15. Example: Complete Program

defmodule MyApp.QAProgram do
  use ElixirML.Program
  
  # Define variables that can be optimized
  variable :temperature, :float, default: 0.7, constraints: [min: 0.0, max: 2.0]
  variable :adapter, :atom, default: :openai, constraints: [in: [:openai, :anthropic, :local]]
  variable :reasoning_strategy, :atom, default: :cot, constraints: [in: [:direct, :cot, :react]]
  
  # Define the program schema
  schema :input do
    field :context, :string, required: true
    field :question, :string, required: true
  end
  
  schema :output do
    field :answer, :string, required: true
    field :confidence, :float, required: true, constraints: [min: 0.0, max: 1.0]
    field :reasoning, :string, required: false
  end
  
  # Define the program pipeline
  pipeline do
    # Preprocessing stage
    stage :preprocess do
      transform :normalize_input
      validate :check_question_quality
    end
    
    # Prediction stage with variable strategy
    stage :predict do
      case get_variable(:reasoning_strategy) do
        :direct -> use_module ElixirML.Predict.Direct
        :cot -> use_module ElixirML.Predict.ChainOfThought
        :react -> use_module ElixirML.Predict.ReAct
      end
      
      adapter get_variable(:adapter)
      temperature get_variable(:temperature)
    end
    
    # Post-processing stage
    stage :postprocess do
      assert_output &(&1.confidence >= 0.5), 
        message: "Low confidence answer",
        action: :retry
      
      transform :format_output
    end
  end
  
  # Lifecycle hooks
  def after_prediction(result, context) do
    ElixirML.Telemetry.emit(:prediction_complete, result, context)
  end
end

# Usage
program = MyApp.QAProgram.new()

# Run with default configuration
{:ok, result} = ElixirML.run(program, %{
  context: "The Eiffel Tower is in Paris, France.",
  question: "Where is the Eiffel Tower?"
})

# Optimize the program
{:ok, optimized} = ElixirML.Teleprompter.MIPRO.optimize(program, training_data)

# Run distributed
{:ok, results} = ElixirML.Distributed.run(optimized, test_data, nodes: [:node1, :node2])

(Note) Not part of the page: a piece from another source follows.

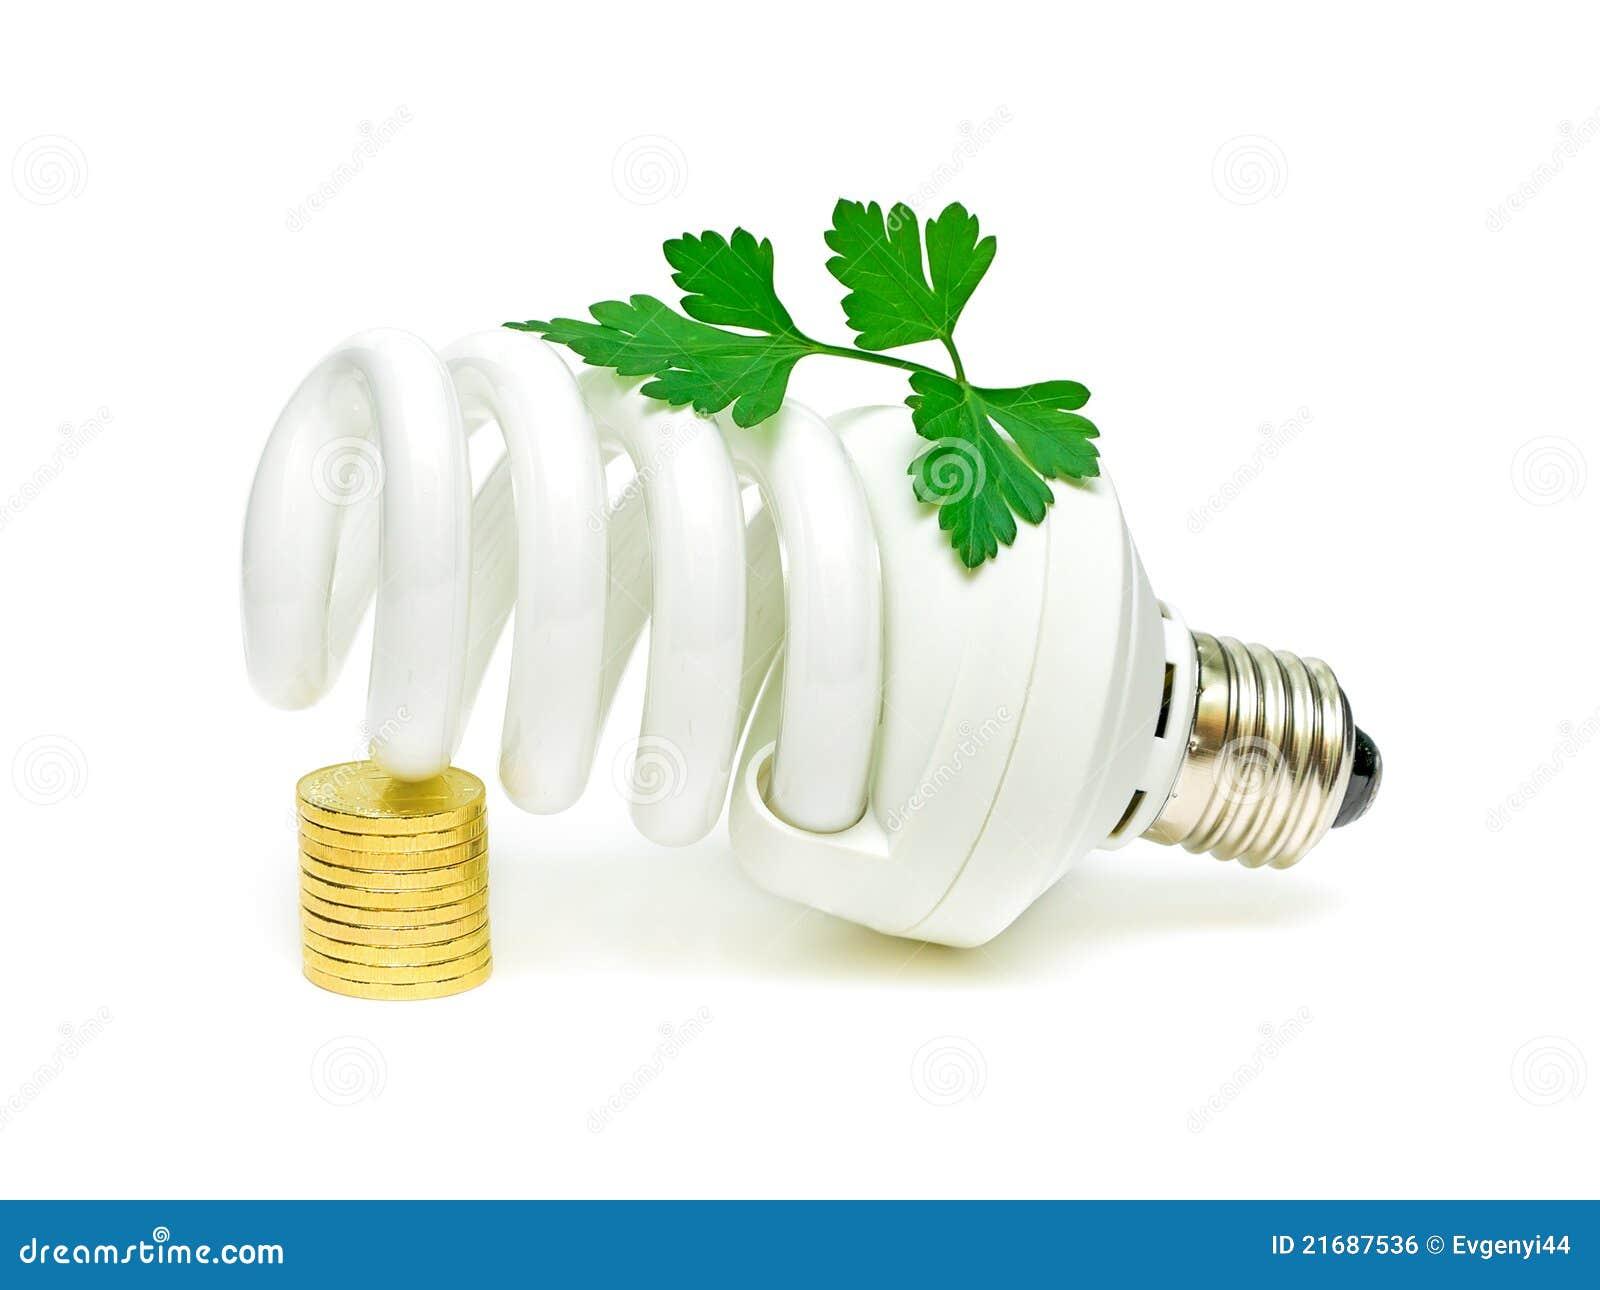 Energy Saving Light Bulb And A Green Plant Stock Photo Image Of

16. Implementation Roadmap

Phase 1: Core Foundation (Weeks 1-4)

  • Schema Engine (Sinter integration)
  • Variable System
  • Resource Framework
  • Process Orchestrator

Phase 2: Execution Layer (Weeks 5-8)

  • Program Compiler
  • Pipeline Executor
  • Adapter Protocol
  • Client Pool

Phase 3: Intelligence Layer (Weeks 9-12)

  • Prediction Modules
  • Teleprompter Engine
  • Evaluation Framework
  • Assertion System

Phase 4: Integration & Polish (Weeks 13-16)

  • Dataset Protocol
  • Tool Integration
  • Distributed Execution
  • Hot Code Reloading

Conclusion

ElixirML represents a revolutionary approach to declarative machine learning that fully leverages Elixir’s strengths. By making everything a configurable Variable, using Ash-inspired Resources for program management, and building on a process-oriented architecture, we create a system that is both incredibly flexible and remarkably simple to use.

The key innovations:

  1. Universal Variable System - Any parameter can be optimized
  2. Process-Oriented Architecture - True parallelism and fault tolerance
  3. Schema-First Development - Type safety with runtime flexibility
  4. Composable Everything - Mix and match components freely
  5. Hot Code Reloading - Update ML programs without downtime
  6. Distributed by Design - Scale across nodes seamlessly

This architecture achieves the goal of maximum flexibility with minimal complexity, creating a framework that will unlock the full potential of AI on the BEAM.